Perhaps there'd be "thread safe" incref/decref, and "private"
incref/decref.  But fragility is there...

Mike

Re: threads

Posted by Marvin Humphrey <ma...@rectangular.com>.
On Mon, Mar 30, 2009 at 06:08:28PM -0400, Michael McCandless wrote:

> >  * The VTable_registry Hash which is used to associate VTables with class
> >    names is stateful.
> 
> What is this hash used for?  Does it map name -> VTable?  

Yes.  It is used to support dynamic subclassing, and also to support
deserialization (when the appopriate deserialization function must be selected
based on the class name).

> It seems like most references within core could be done by the
> compiler/linker?

I think you could say that most references within core rely on referring to
the VTable structs generated at compile-time by Boilerplater.

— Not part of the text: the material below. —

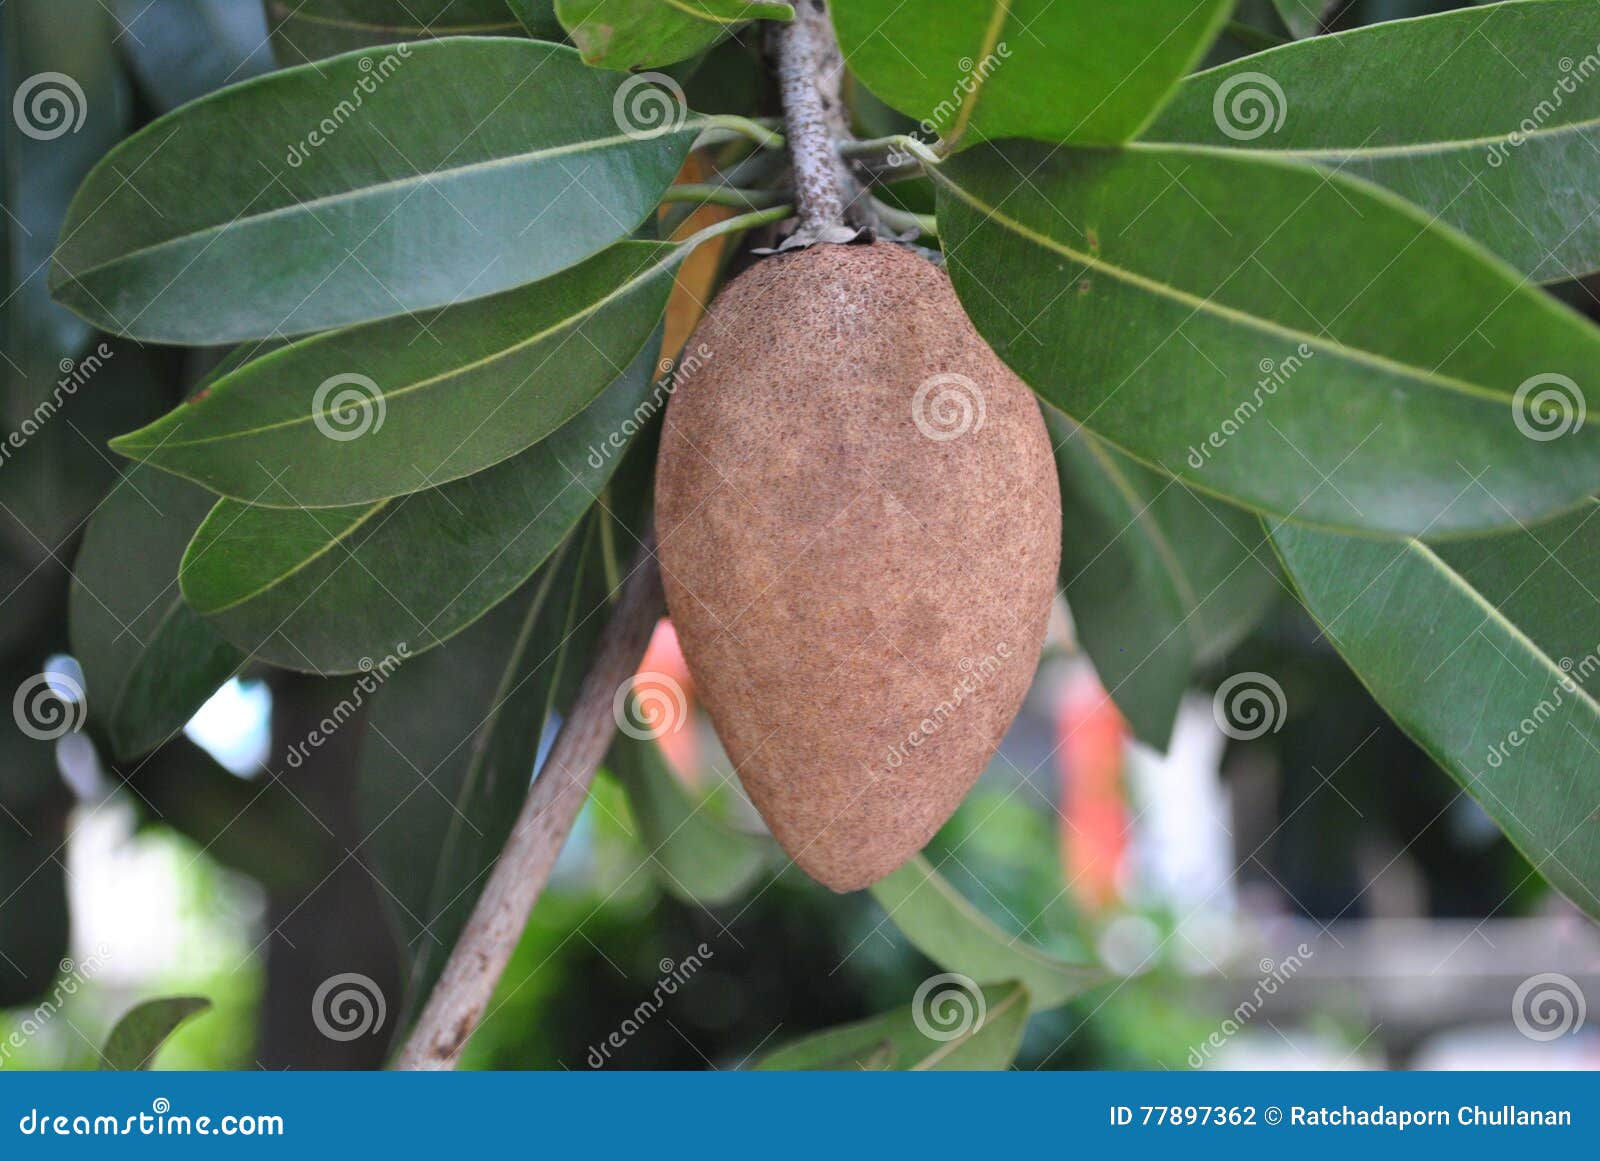 A Sapodilla Fruit On The Tree. Stock Photo - Image of nutritious, fresh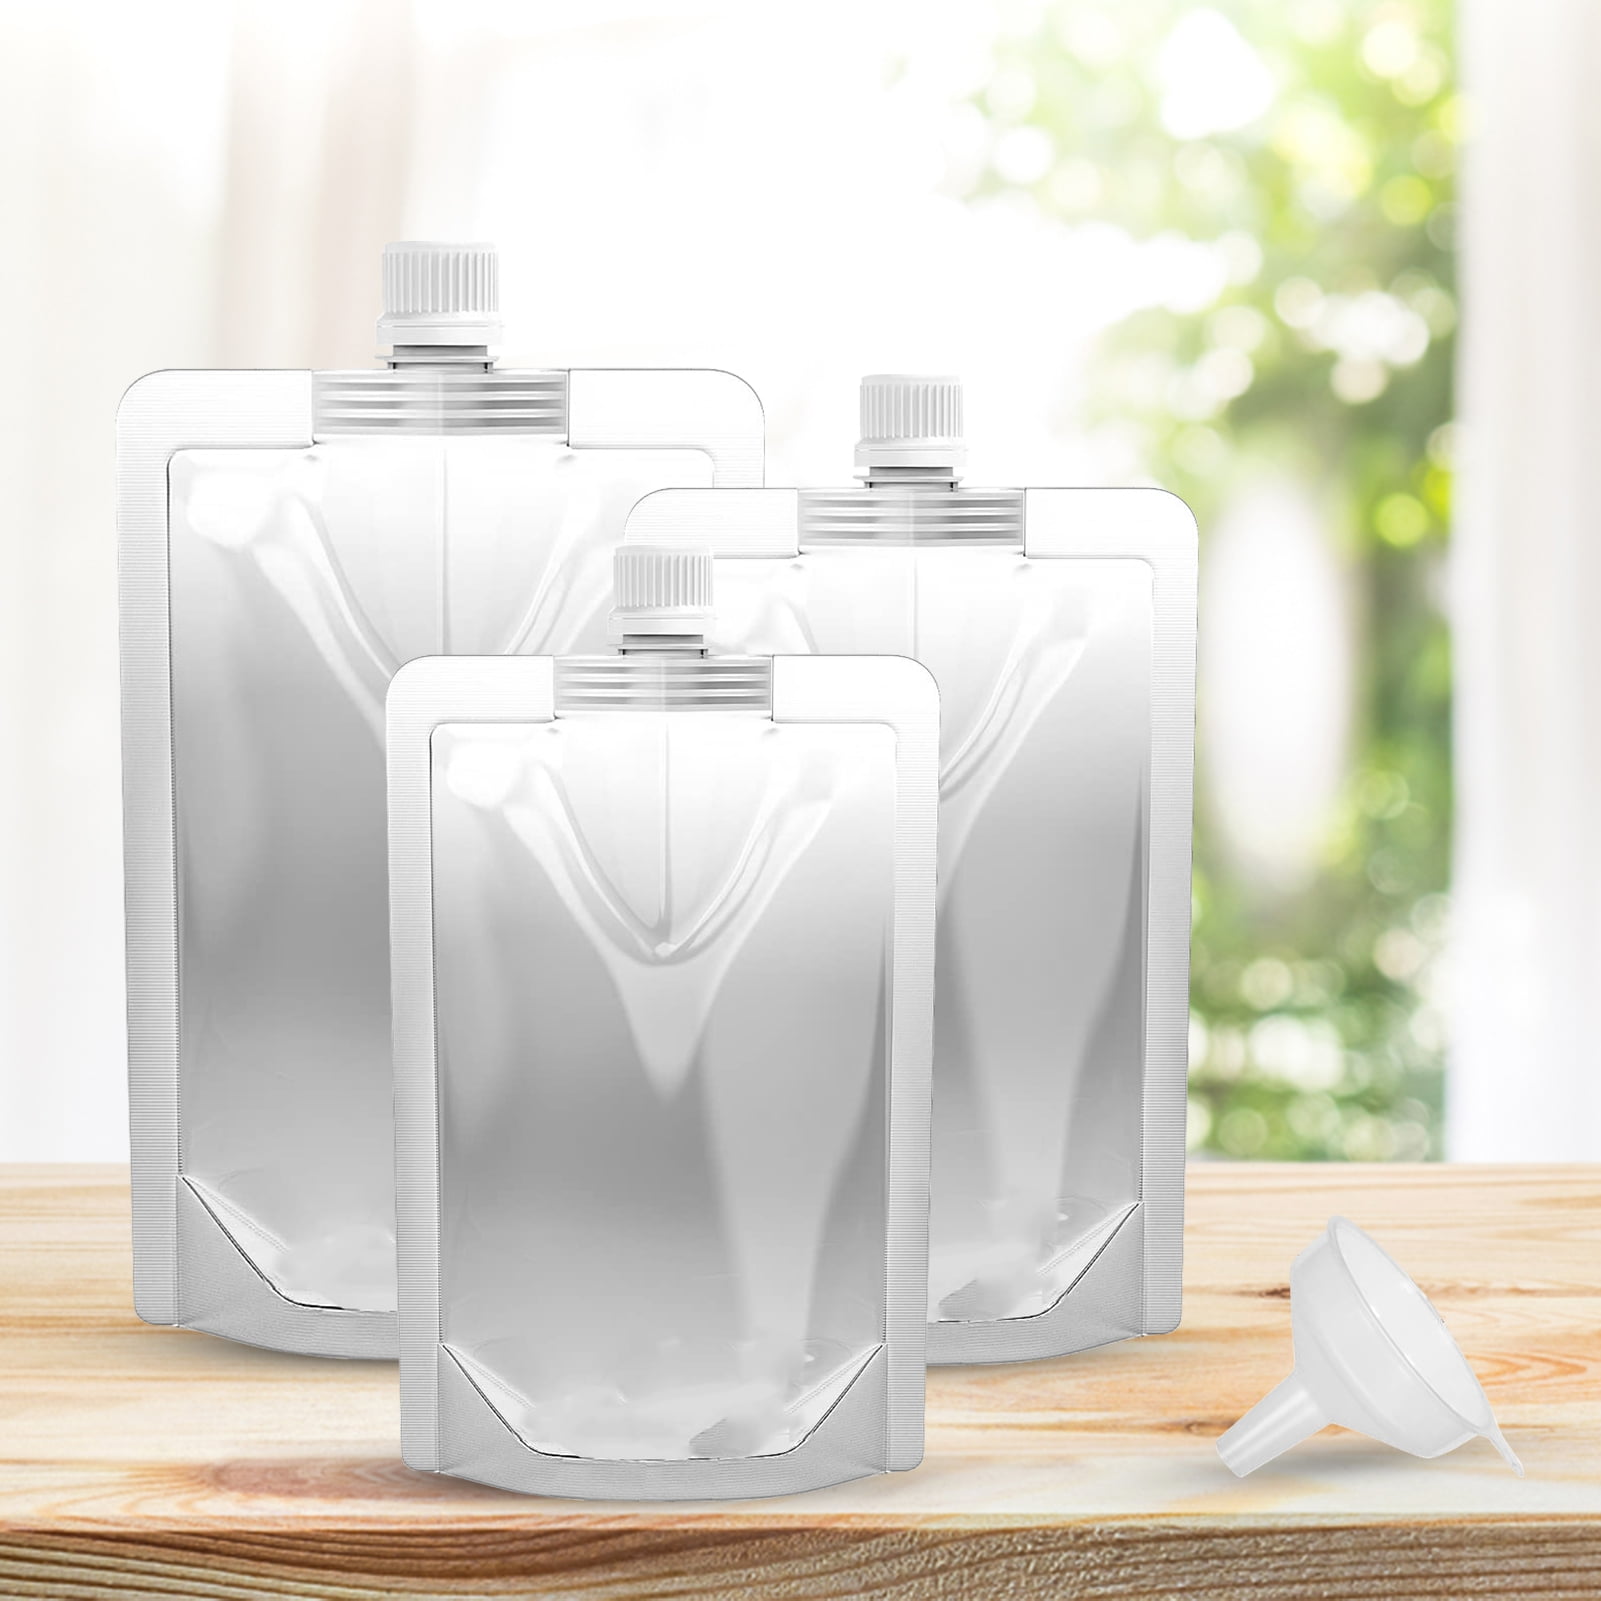 20 Pieces Plastic Flasks Reusable Liquor Drink Juice Pouches with Spout  Concealable Drinking Flasks Bags Adults Sneak Alcohol Water Bottle 250ml

                     vvvv 
  if (!OBJ_IS_A(obj, HASH)) { 
      THROW("That's not a Hash, it's a %o", Obj_Get_Class_Name(obj));
  }

>  And then when host needs to refer to an object inside the core,
> shouldn't the bindings be exposed however the host would do it (eg as
> a Python module(s) with bindings), also compiled/linked statically.

I don't think I follow that...  Are you saying that dynamic subclassing would
never be needed under Python? 

> > The VTables themselves are stateful because they are refcounted.
> > Furthermore, dynamically created VTables are reclaimed once the last object
> > which needs them goes away -- so the "MyScorer" VTable at one point in the
> > program might not be the same as the "MyScorer" VTable at another point in
> > the program.
> 
> This is neat: so you can make a new subclass at runtime, instantiate a
> bunch of objects off of it, and once all objects are gone, and nobody
> directly refers to the subclass (vtable).  Can you define new vtables
> from the host language?

Yes, transparently, in Perl at least.  Standard Perl subclassing techniques
work.

   package MyObj;
   use base qw( Lucy::Obj );

   package main;

   my $obj = MyObj->new; # MyObj vtable created via inherited constructor.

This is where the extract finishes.